(COLLECTED DATA):
################

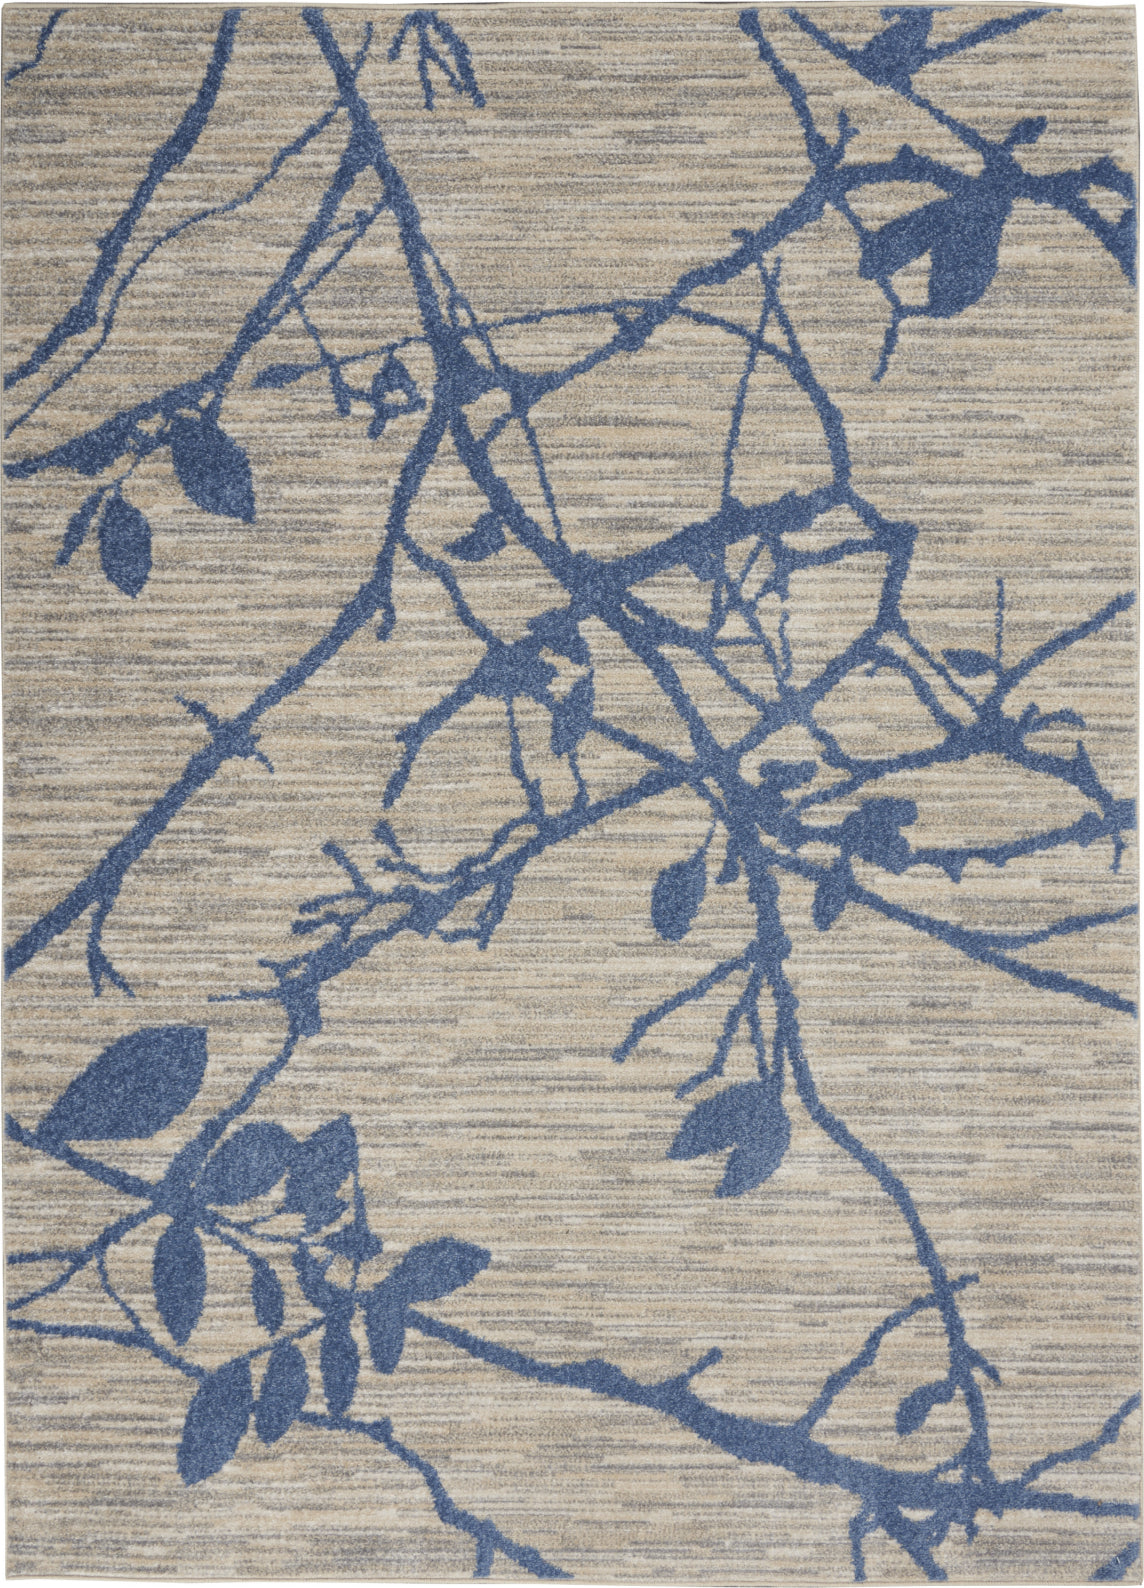 Rug CK001 Calvin RFV02 – and River Incredible Blue Flow Area Decor Rugs Klein Teal/Ivory
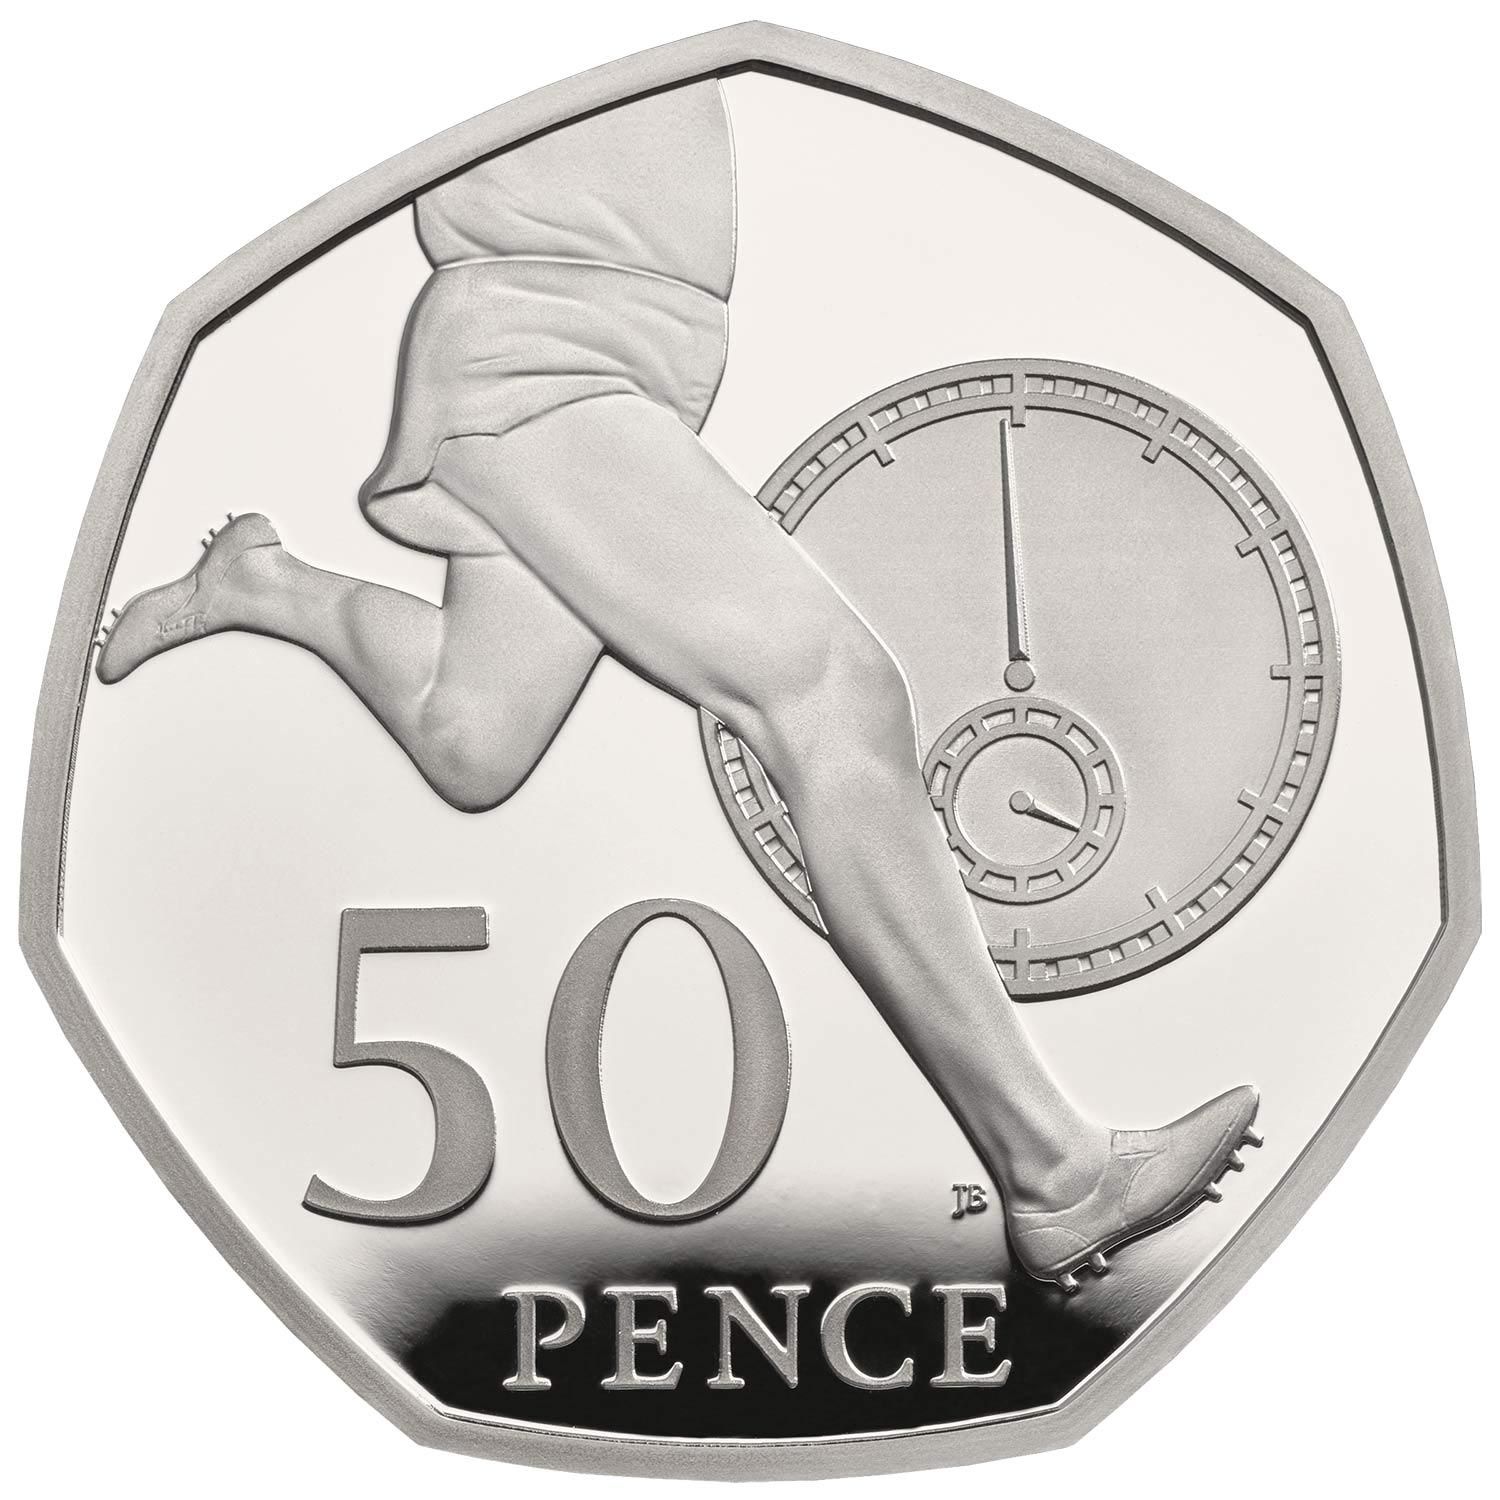 Image of 50 pence coin - 50th Anniversary of the first four-minute mile by Roger Bannister | United Kingdom 2004.  The Copper–Nickel (CuNi) coin is of UNC quality.
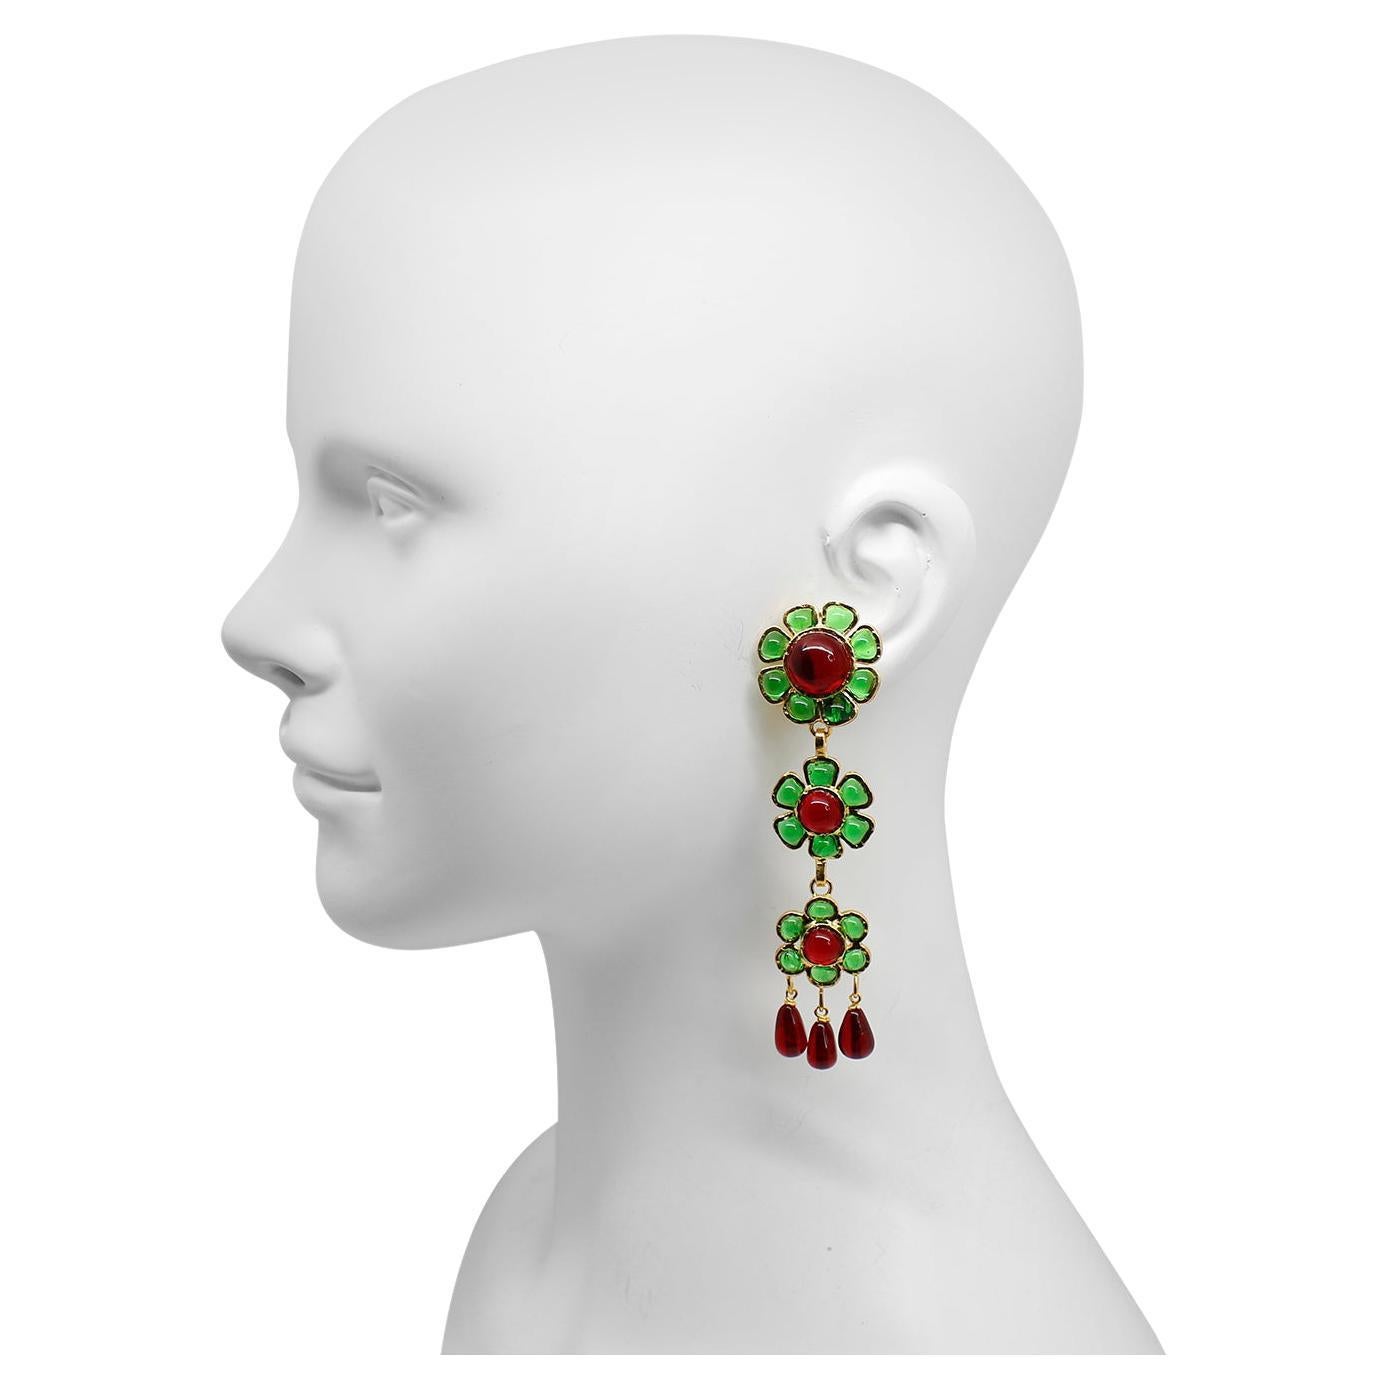 Maison Gripoix Vintage Red and Green Flower Dangling Earrings Set in Gold Tone.  These are some of the most gorgeous earrings I have in the collection. The colors of course and the way they are made.  They are just special.  They will always be
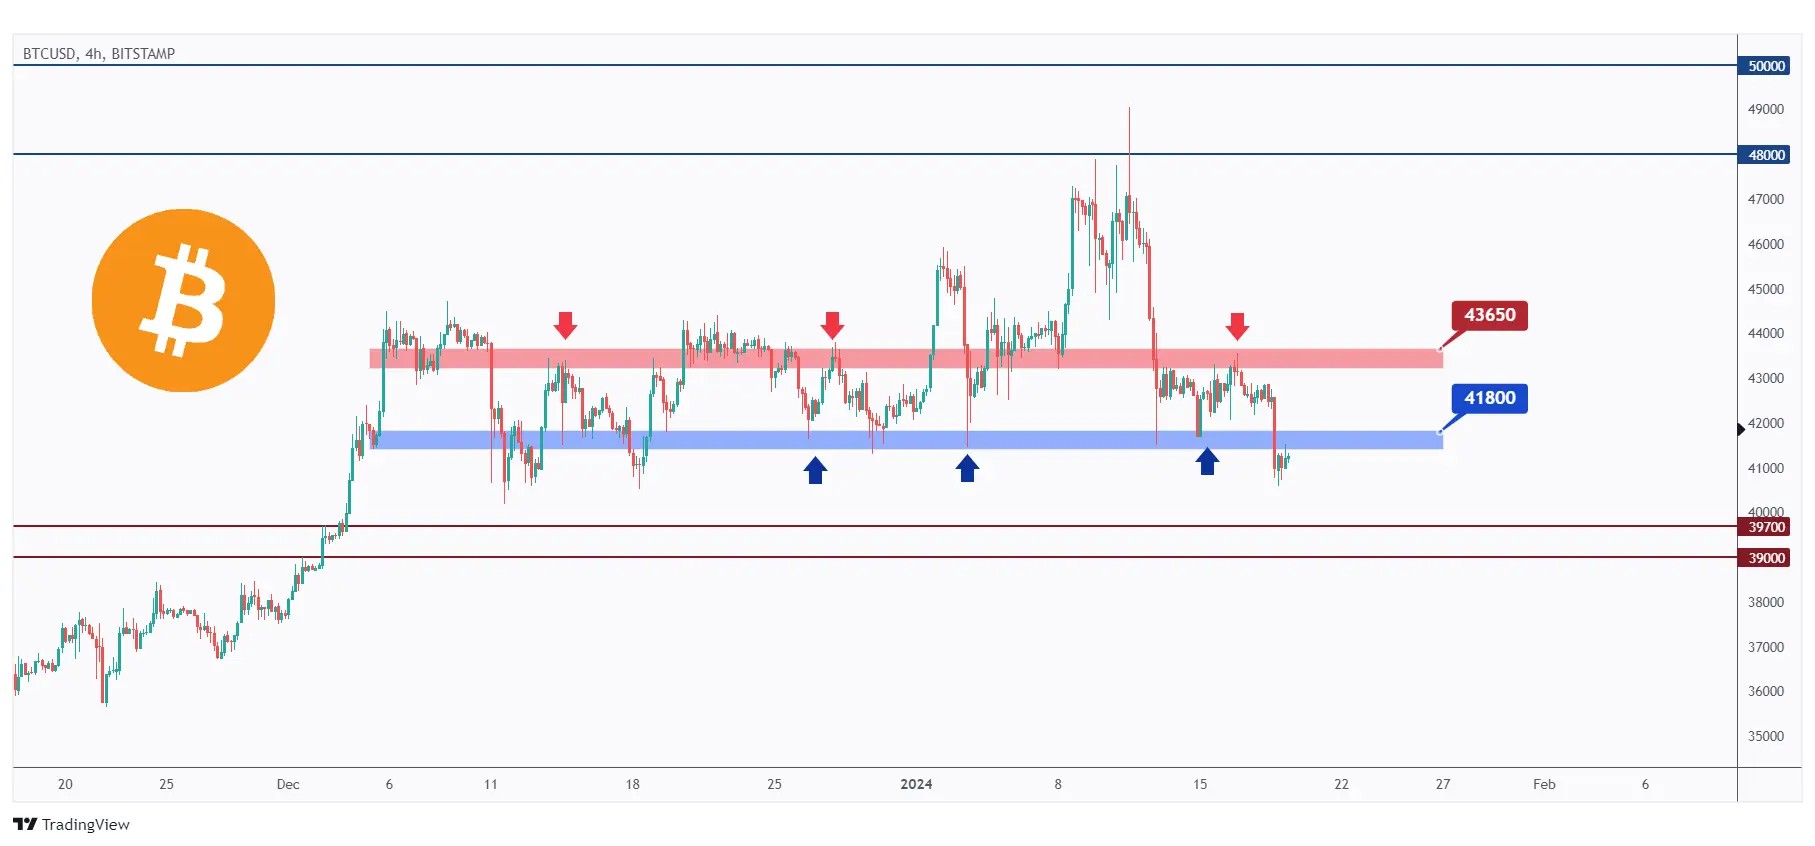 BTC 4H chart shows that the bears are currently in control and we are expecting a continuation till $39000 as long as the resistance holds.

################

(WORK REQUEST): Output, exactly and only: the line containing "Image of 50", the last line of the listing above, and every line in between. Leave the pictures out.

(RESPONSE TO THE EXERCISE):
 Image of 50 pence coin - 50th Anniversary of the first four-minute mile by Roger Bannister | United Kingdom 2004.  The Copper–Nickel (CuNi) coin is of UNC quality.
 Maison Gripoix Vintage Red and Green Flower Dangling Earrings Set in Gold Tone.  These are some of the most gorgeous earrings I have in the collection. The colors of course and the way they are made.  They are just special.  They will always be
 BTC 4H chart shows that the bears are currently in control and we are expecting a continuation till $39000 as long as the resistance holds.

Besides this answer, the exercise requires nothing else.